# Confusing lack of empathy



## The Hiker (Dec 28, 2018)

I'm really good at putting on a show of who I am for people. Part is from hitchhiking and lying all the time to anyone picking me up (don't know why I do that but I do) part is my mom is intensely social so I have that gene, sort of.

I can fake being philosophical and religious because I used to be, I can fit in with really angry mean people because I'm an outcast, but when I'm not trying to put on a show and work my way into a group I alienate myself from most people around me. Or the more I open up to people the less they understand me/agree with me and my emotions (especially women).

So I'm not good at being myself because I don't fully know who I am. But no matter where I am, 99% of the time I feel little to no connection to who or what I'm connecting with

Last winter was a terrible emotional/mental ride that combined a manipulative woman, very big emotionality over the Earth and it's destruction, and a lack of purpose in life, and after all that I don't feel much at all about those issues. That's partway good but also probably bad - acceptance of a lonely future is good but I've found myself almost instantly alienating women a lot of the time which is bad, not caring about the planet isn't exactly good, but the only other option is infinite anger and sadness and I'm not doing that again.

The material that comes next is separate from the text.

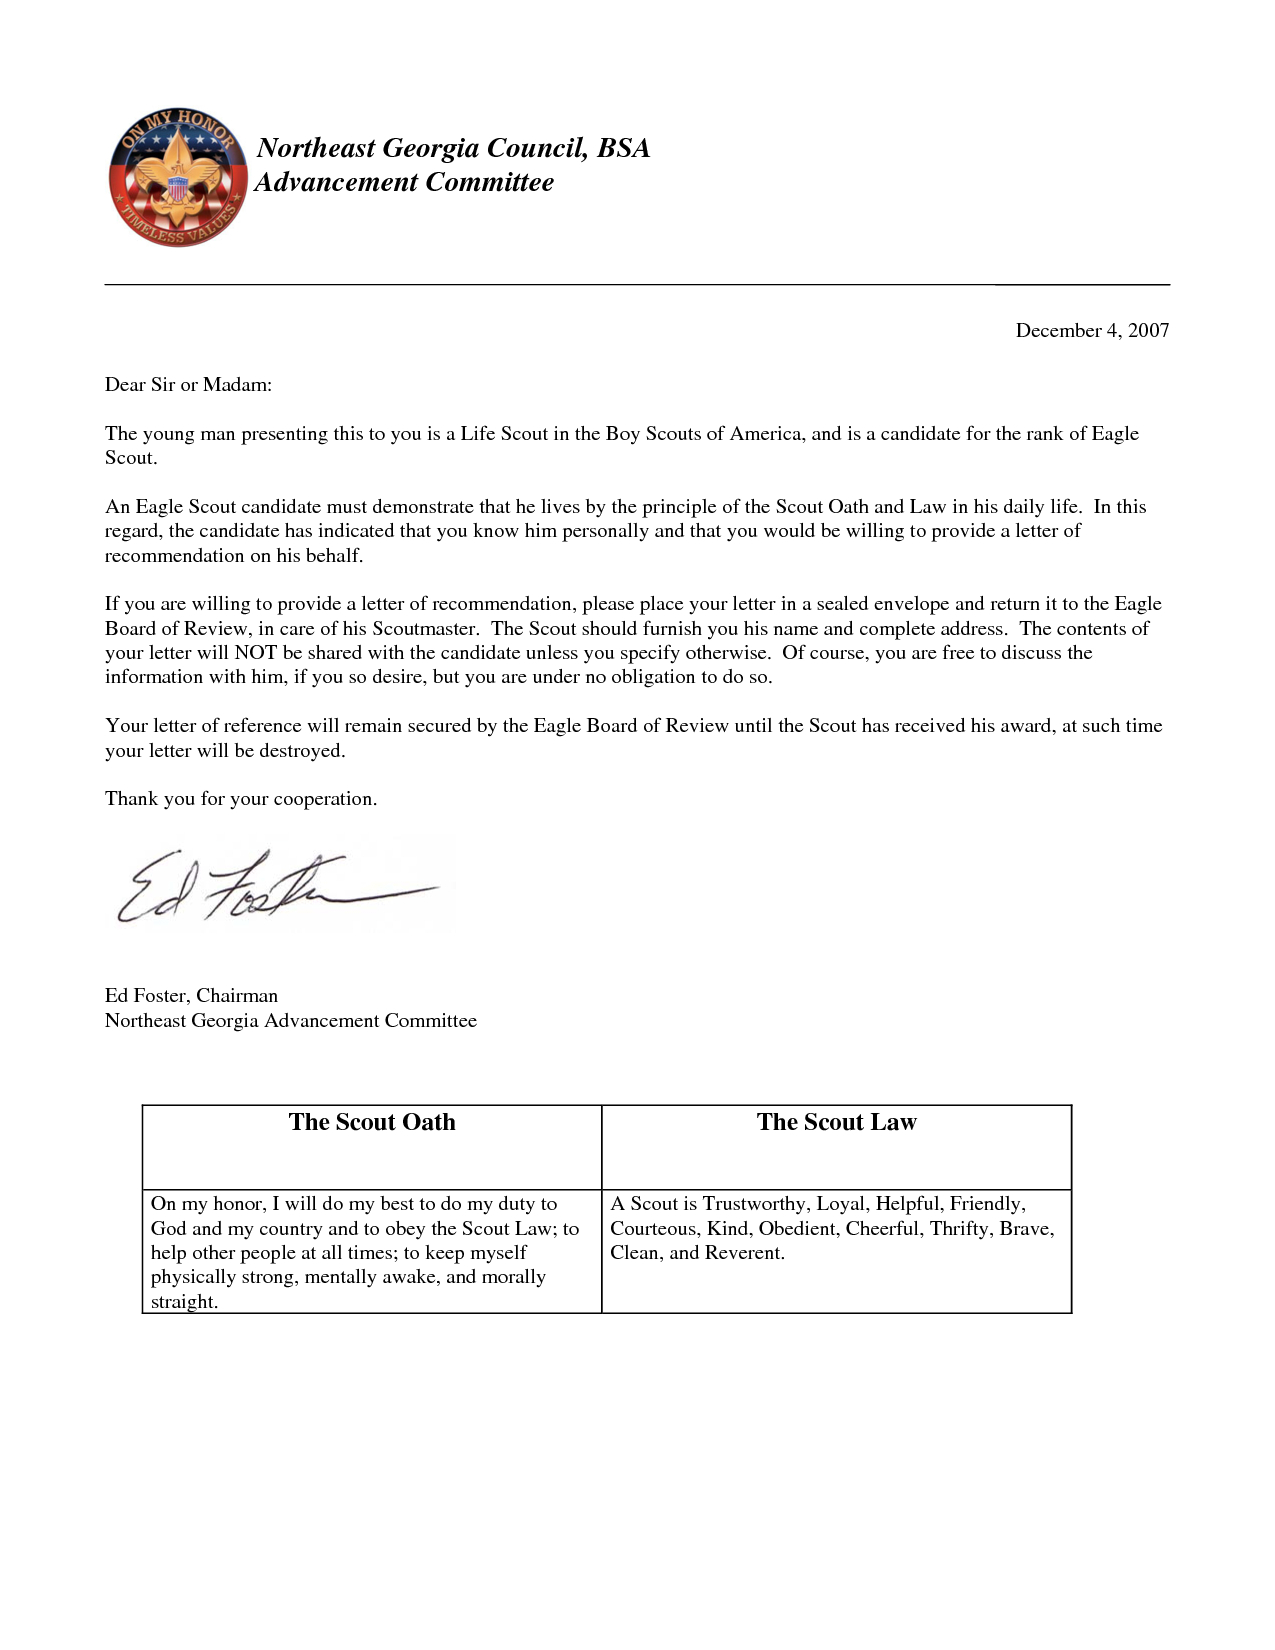 Eagle Recommendation Letter Template - Sample Eagle Re Mendation Letter Acurnamedia

This is maybe too confusing to follow, maybe not, but anyone with any thoughts or comments, I want to hear what this makes you think.


----------



## mono (Dec 29, 2018)

without intending to sound cliché, you'll probably "learn to feel again" eventually - it's pretty normal to become hardened to shit after a bad episode. 

it's good enough that you're aware of the negative aspects because a lot of people aren't and end up staying that way forever. having the self-awareness to have clocked that you're alienating people and not giving a fuck about important shit means that you haven't completely cast off caring

a good start might be to try and lock down exactly which aspects of how you're acting are alienating people the most and working backwards from there; re-jigging puzzle pieces one at a time without falling back into being upset or angry. sorry for not being able to be more specific or helpful, this sort of thing is really difficult to properly conceptualize since it can be so different for everyone - the endpoint of it is that you're not wrong to be angry or upset about things (and in many cases people really ought to be way more angry), but it isn't healthy to constantly feel it, so eventually combining the two approaches will probably work out best


----------



## The Hiker (Dec 29, 2018)

mono said:


> without intending to sound cliché, you'll probably "learn to feel again" eventually - it's pretty normal to become hardened to shit after a bad episode.
> 
> it's good enough that you're aware of the negative aspects because a lot of people aren't and end up staying that way forever. having the self-awareness to have clocked that you're alienating people and not giving a fuck about important shit means that you haven't completely cast off caring
> 
> a good start might be to try and lock down exactly which aspects of how you're acting are alienating people the most and working backwards from there; re-jigging puzzle pieces one at a time without falling back into being upset or angry. sorry for not being able to be more specific or helpful, this sort of thing is really difficult to properly conceptualize since it can be so different for everyone - the endpoint of it is that you're not wrong to be angry or upset about things (and in many cases people really ought to be way more angry), but it isn't healthy to constantly feel it, so eventually combining the two approaches will probably work out best


thanks, I makes some sense


----------



## Deleted member 21367 (Dec 29, 2018)

I can relate. The only thing that really seems to help me is trying to live in the moment for what it is, and not over intellectualizing. I dont know if i believe in an ego anymore, im just looking at it all as one giant flux of matter. I think often times people believe what suits their immediate needs. The world is incredibly fucked but if you let your anger consume you entirely then they win. Feelings arent facts. Ive tried traveling and ive tried being a professional and the grass is always greener on the other side. I know what you mean about being a social chameleon, and how confusing it can be. Whats been working for me is honestly not really associating too heavily with anyone, staying sober for the most part, and writing short stories and songs. That said, im living at home right now so life is very easy. I think a lot of the pissing contests that go on in the street are just arbitrary ego fueled bullshit. im sure there are a lot of people on here that can relate to the existential anguish regarding whats going on with this planet. Personally i find peace in the tao te ching. Im sorry if i havent directly addressed the things your experiencing, its heavy stuff and the fact that you are reflecting on all of this now will likely serve you later on. you are not alone.


----------



## salxtina (Dec 29, 2018)

Hi - The defaulting to a kind of 'acting'/lying while hitchhiking makes sense, sometimes I don't want to actually tell strangers my exact destination, sometimes it's simply that I just put up a more 'extroverted'/outgoing persona to make drivers feel reassured or less awkward, sometimes I've pretended that people I'm checking in with are meeting me closer/sooner than they are to curtail sketchiness...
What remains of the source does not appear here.